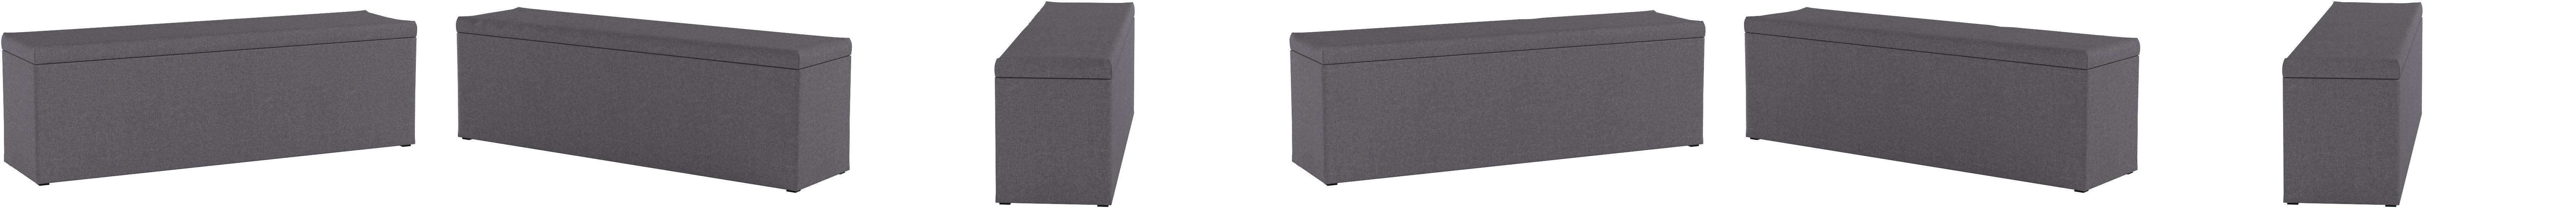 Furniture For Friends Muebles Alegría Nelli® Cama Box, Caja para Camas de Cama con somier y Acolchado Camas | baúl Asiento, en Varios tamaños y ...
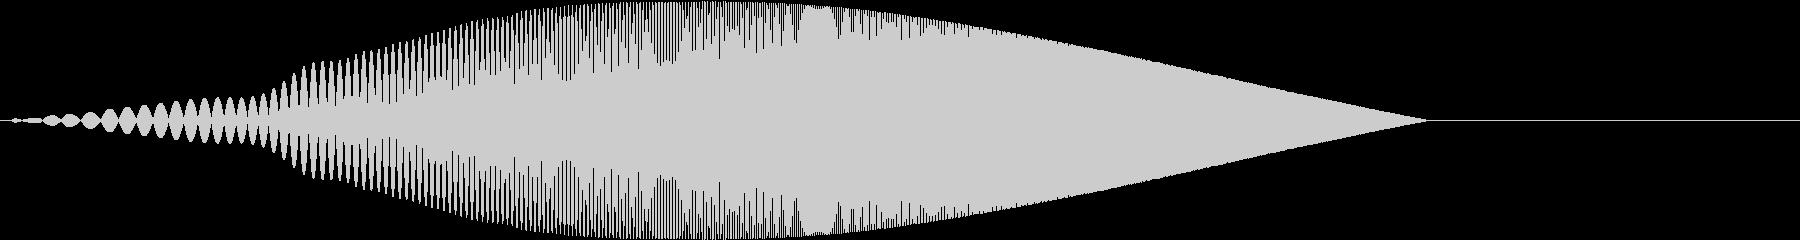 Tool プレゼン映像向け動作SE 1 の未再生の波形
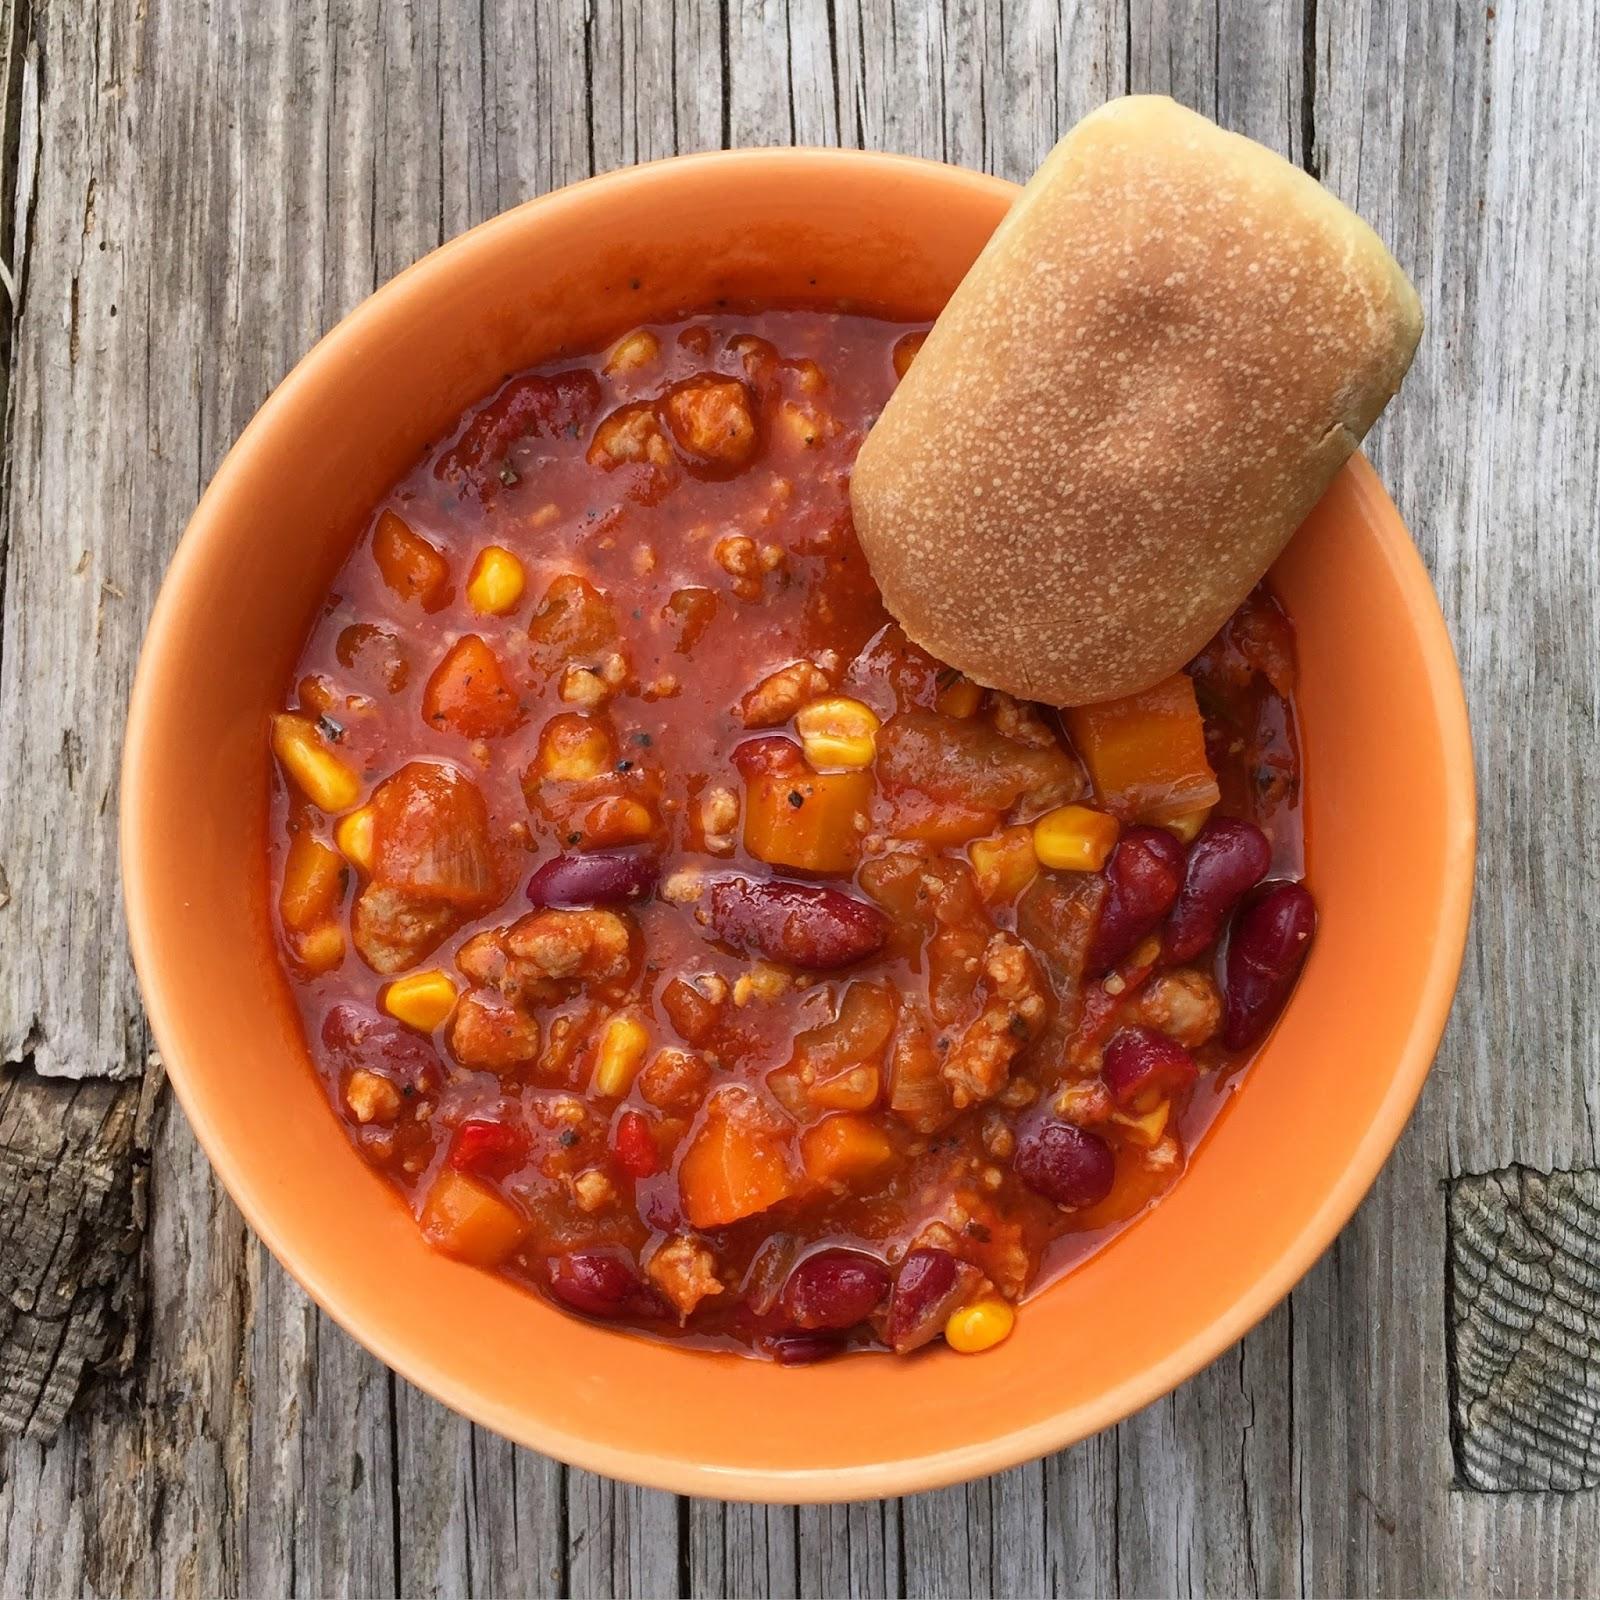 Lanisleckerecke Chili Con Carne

Problem details ::
Would it be possible to give the material above again exactly, with the pictures left out?

Response area ::
 Furniture For Friends Muebles Alegría Nelli® Cama Box, Caja para Camas de Cama con somier y Acolchado Camas | baúl Asiento, en Varios tamaños y ...
 Tool プレゼン映像向け動作SE 1 の未再生の波形
 Lanisleckerecke Chili Con Carne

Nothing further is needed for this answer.